Intentar responder o establecer qué es la cubanidad, es algo que nos acompaña desde antes de constituirnos como nación y cuya representación o expresión a través del arte amerita un entendimiento no exento de problematizaciones que podríamos asumir desde dos perspectivas: la ontológica y la genético-histórica.

Si Cuba fuera sólo un espacio (físico, geopolítico), para la acreditación de la identidad de una obra de arte bastaría con indicar hecho en Cuba. Por este camino podríamos plantearnos si será cubana la Gitana Tropical, pues esta obra, a partir de la cual solemos representar el nacimiento de nuestra vanguardia, asentada sobre el proyecto consciente de producir y promover un arte nacional, Víctor Manuel García no la pintó en Cuba, sino en París.

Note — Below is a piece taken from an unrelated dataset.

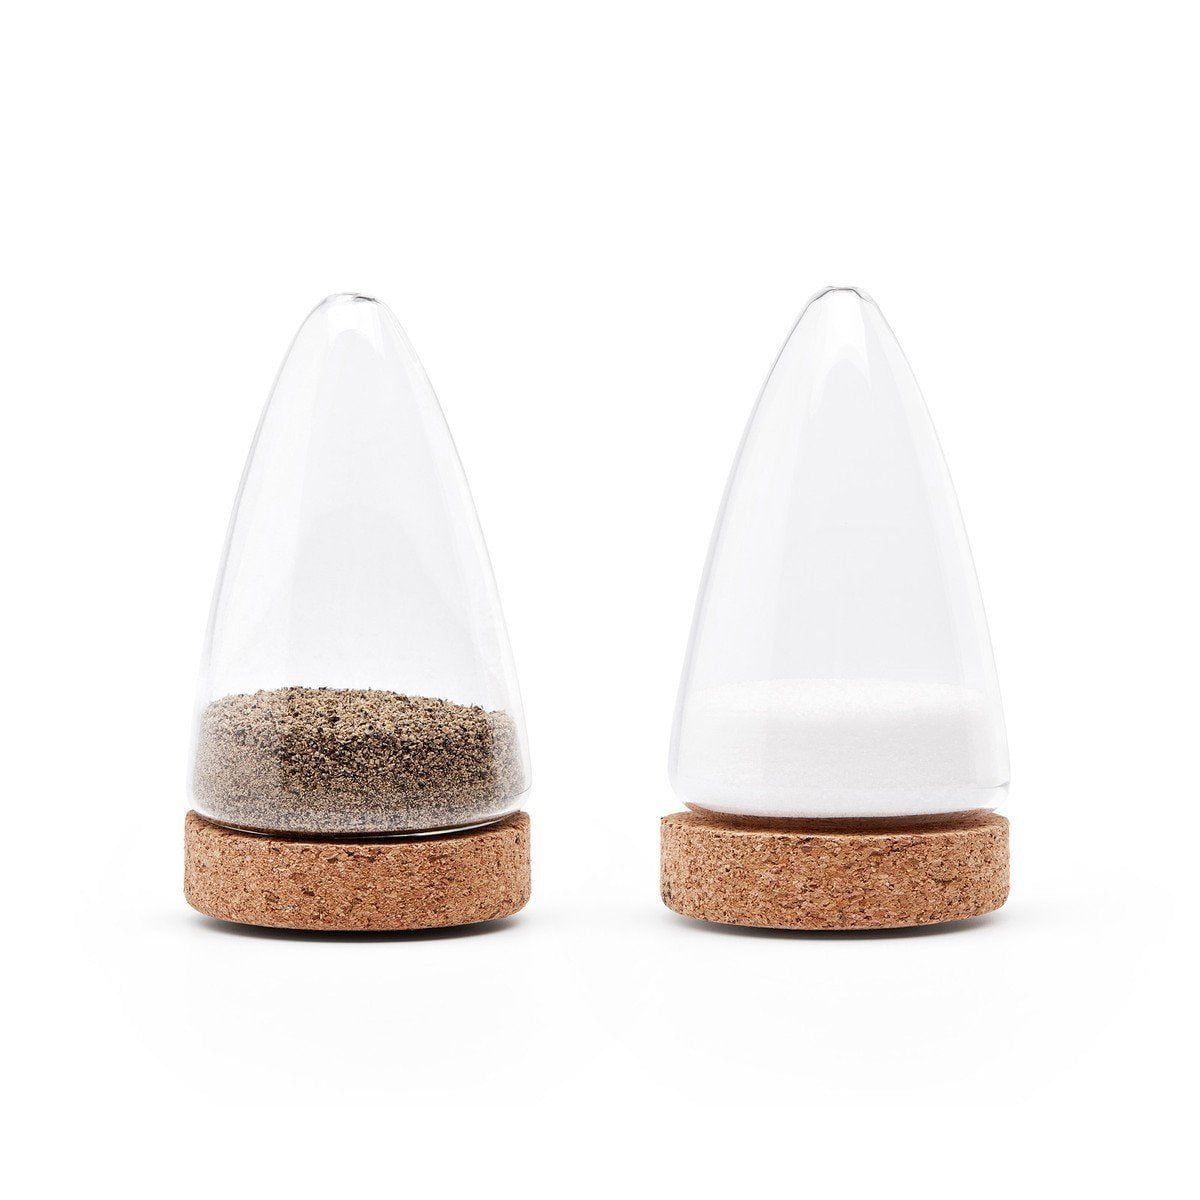 Description: Two Puik Boeien salt and pepper shakers on a white background.

Habría entonces que desplazar la noción de cubanidad, más que al lugar de hechura, hacia los sujetos que la portan como cualidad o condición, por lo cual tendríamos que cambiar la etiqueta por la de “obra hecha por nacidos en Cuba”, sin importar si su creación fue realizada dentro o fuera de los límites físicos de la nación.

Podemos convenir en que la cubanidad constituye un código programado, una especie de ADN cultural, heredable y transmisible, a pesar del debate generacional, como también transportable, a pesar de las tensiones entre la nostalgia y la alteridad. Es cierto que cada quien es parte de esa subjetividad arraigada, tradicional y colectiva, que Pierre Bourdieu calificó como “inconsciente cultural”, del cual formamos parte y que no podemos quitarnos como una pieza de ropa si cambiáramos de circunstancias de vida[1].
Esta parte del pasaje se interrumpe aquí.